Legal Aid NSW, The Department of Communities and Justice and Aboriginal Legal Service 2 mins read

A new way of working in child protection cases across NSW should see more families stay together, with changes to practice in care matters designed to ensure lawyers can provide early help and avoid unnecessary separation of children from their families.

Legal Aid NSW, the Aboriginal Legal Service (ALS), and the Department of Communities  and Justice (DCJ) have entered a partnership to ensure all families, particularly Aboriginal families, involved in care matters are referred to access early legal advice.

The Legal Assistance for Families Partnership Agreement (LAFPA) will be introduced across NSW after trials in Tamworth, Newcastle and Gosford.

It comes as new laws are expected to come into effect in November that require DCJ take ‘active efforts’ to prevent children from being removed, and restore children to their parents or place children with family. This will include supporting families to access early independent legal advice.

Minister for Families and Communities and Minister for Disability Services The Hon Kate Washington said the agreement will help to reduce the over-representation of Aboriginal children in out-of-home care.

“It’s part of our commitment to support families sooner in the wake of the Family is Culture report,” Ms Washington said.

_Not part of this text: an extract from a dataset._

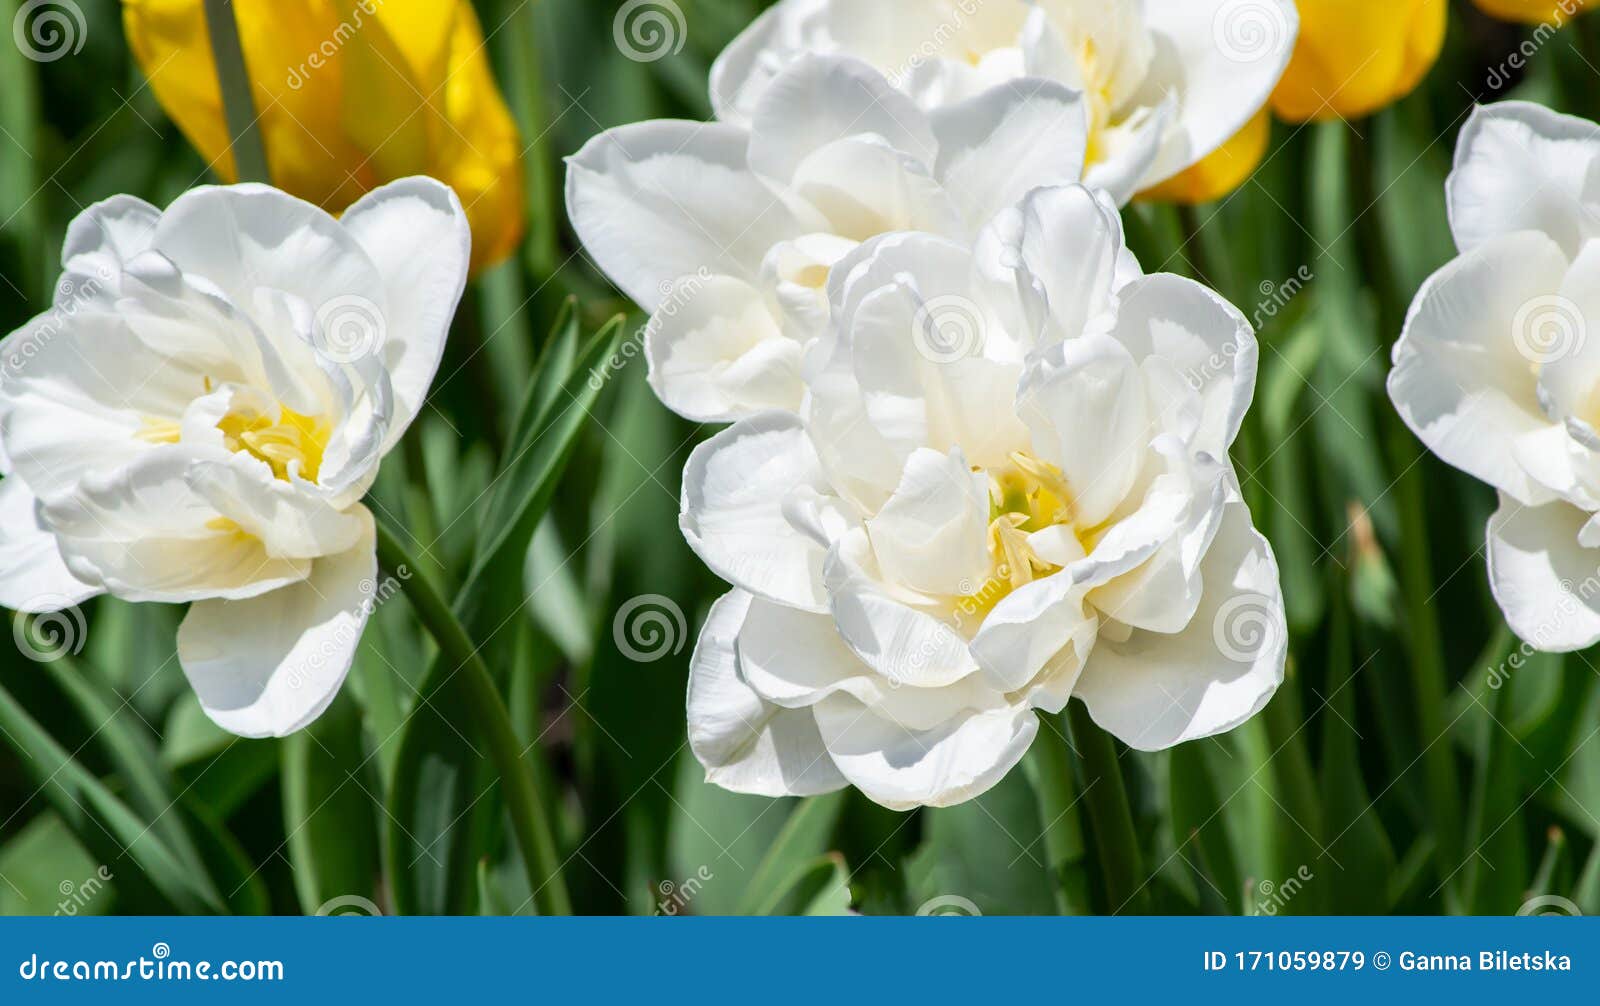 White Terry Daffodils in a Field among Yellow Tulips Stock Image ...
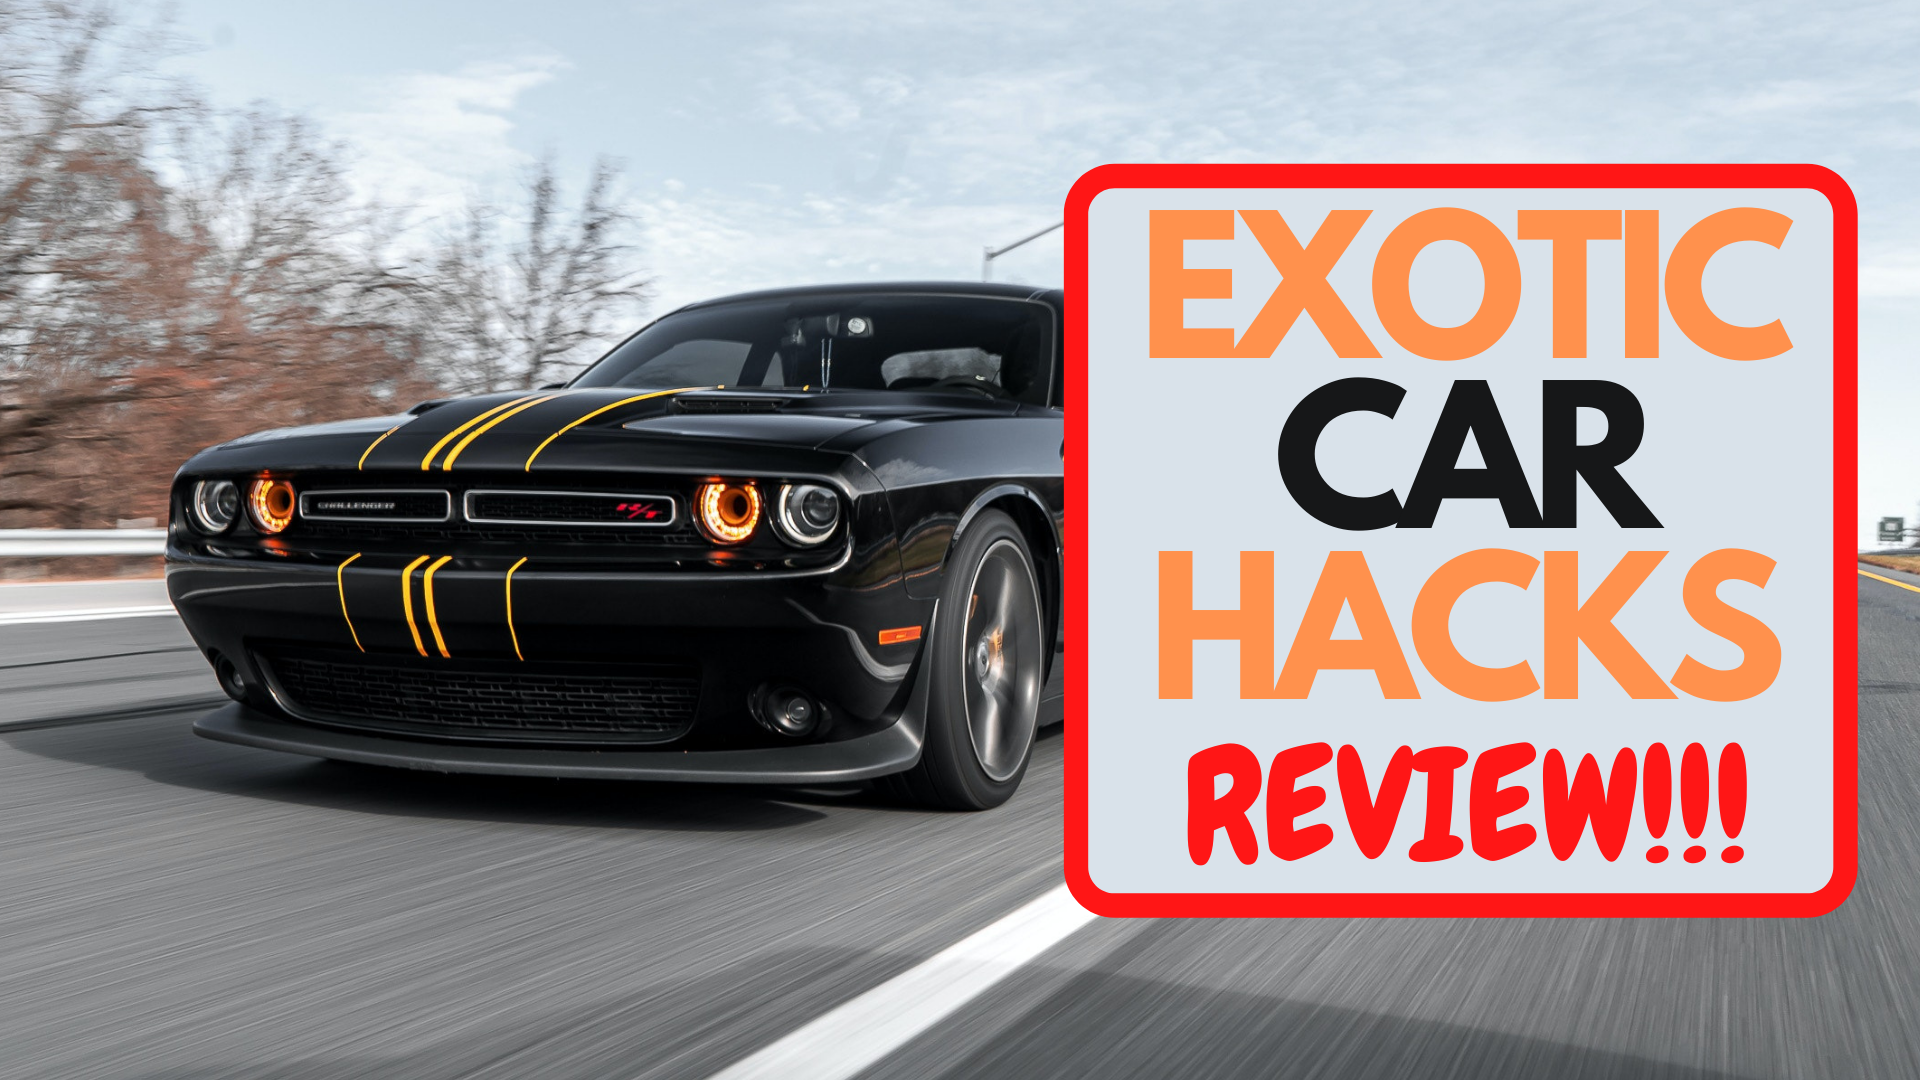 Is Exotic Car Hacks a Scam

“This agreement puts children first and ensures all organisations work collaboratively to keep kids staying safely at home with their families.”

Legal Aid NSW CEO Monique Hitter said the agreement will see lawyers work proactively with families before children are removed.

“Early intervention is proven to reduce the number of children that need to be separated from their families and the stress of the court process,” Ms Hitter said.

“Through this partnership, we are optimistic that we can improve overall outcomes for children and their families.”

ALS CEO Karly Warner said Aboriginal and Torres Strait Islander children are more likely than other children to be taken from home younger, stay in the system for longer, and less likely to be returned to their families.

“Aboriginal and Torres Strait Islander children are safest and strongest when they grow up in family, community and culture. It’s the responsibility of the child protection system to support families who want to do the best for their kids. It’s on all of us to change this,” she said.